Every so often, observation, creativity, collaboration and a little bit of luck lead to a scientific breakthrough with the potential of transforming whole scientific fields and ultimately, life as we know it.

The popular genome editing tool CRISPR, short for clustered regularly interspaced short palindromic repeats, is one of these promising scientific innovations. Scientists’ imaginations and the innate versatility of CRISPR have led to the engineering and use of this DNA editing technology in numerous model organisms. Labs across the world are adapting this system to treat human disease, improve and accelerate crop growth, improve livestock and control the spread of pathogens. This breakthrough has certainly given us hope for a better future, but it has also driven us to ask: what’s the catch?

The most well-known genome editing CRISPR system is CRISPR-Cas9, a nucleoprotein complex where Cas9 (CRISPR associated protein 9) is actually the enzyme that “cuts” and edits double-stranded DNA with the help of an RNA sequence. First, Cas9 is guided by an RNA sequence or guide-RNA that directs the enzyme towards the target DNA to be deleted by complementarily binding to a matching sequence in genomic DNA. Then, Cas9 cuts at the specific site leaving double stranded breaks that are mended by the cell’s DNA repair mechanisms.

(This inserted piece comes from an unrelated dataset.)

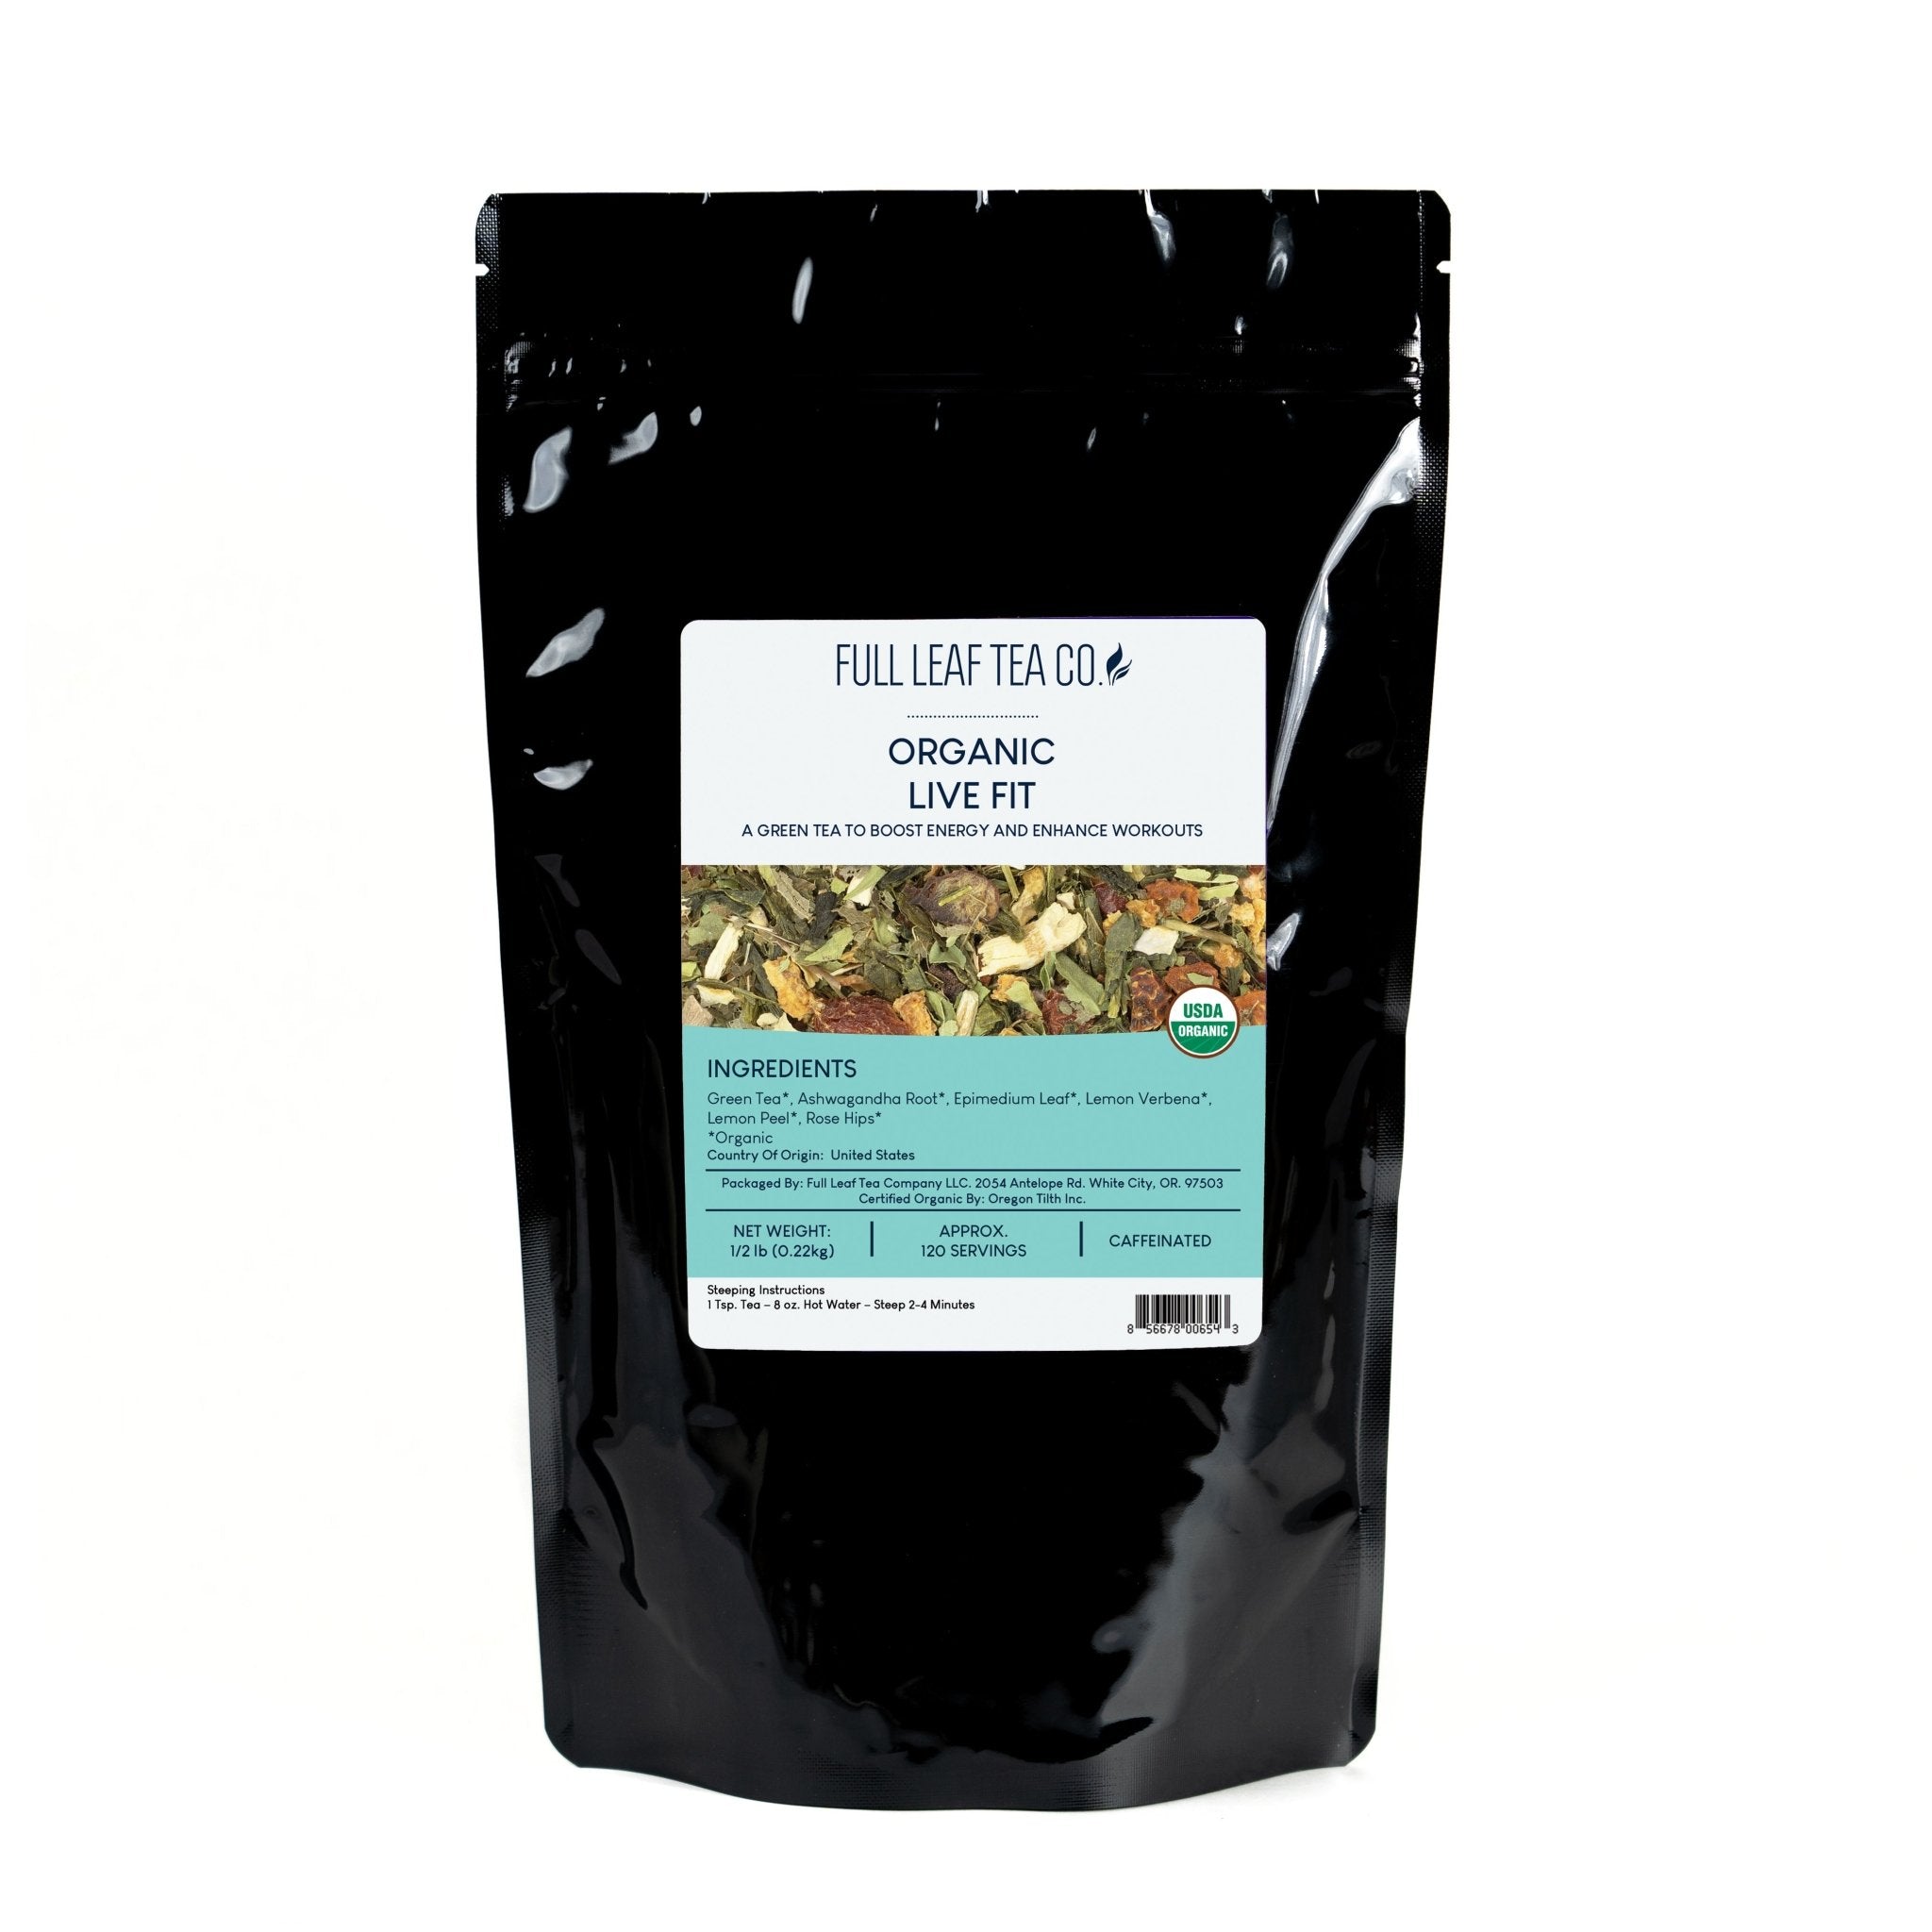 Organic Live Fit Tea - Loose Leaf Tea - Full Leaf Tea Company

This extremely powerful technology originated in the late 80s and early 90s from the accidental observation of short palindromic repeats, often assumed to be “junk DNA,” in bacteria and archae. Eventually, scientists realized that CRISPR-Cas acts as an adaptive immune system for bacteria. They figured out that in bacteria, these short palindromic repeats flank genetic elements adopted from invading viruses and plasmids and help eliminate these threatening DNA sequences.

Then, in 2012, biochemist Jennifer A. Doudna and microbiologist Emmanuelle Charpentier figured out how to program CRISPR-Cas9 to edit any desired target sequence in double stranded DNA. Shortly after, in 2013, the first evidence of using CRISPR to edit DNA successfully in eukaryotic cells was found by Feng Zhang and his team at the Massachusetts Institute of Technology.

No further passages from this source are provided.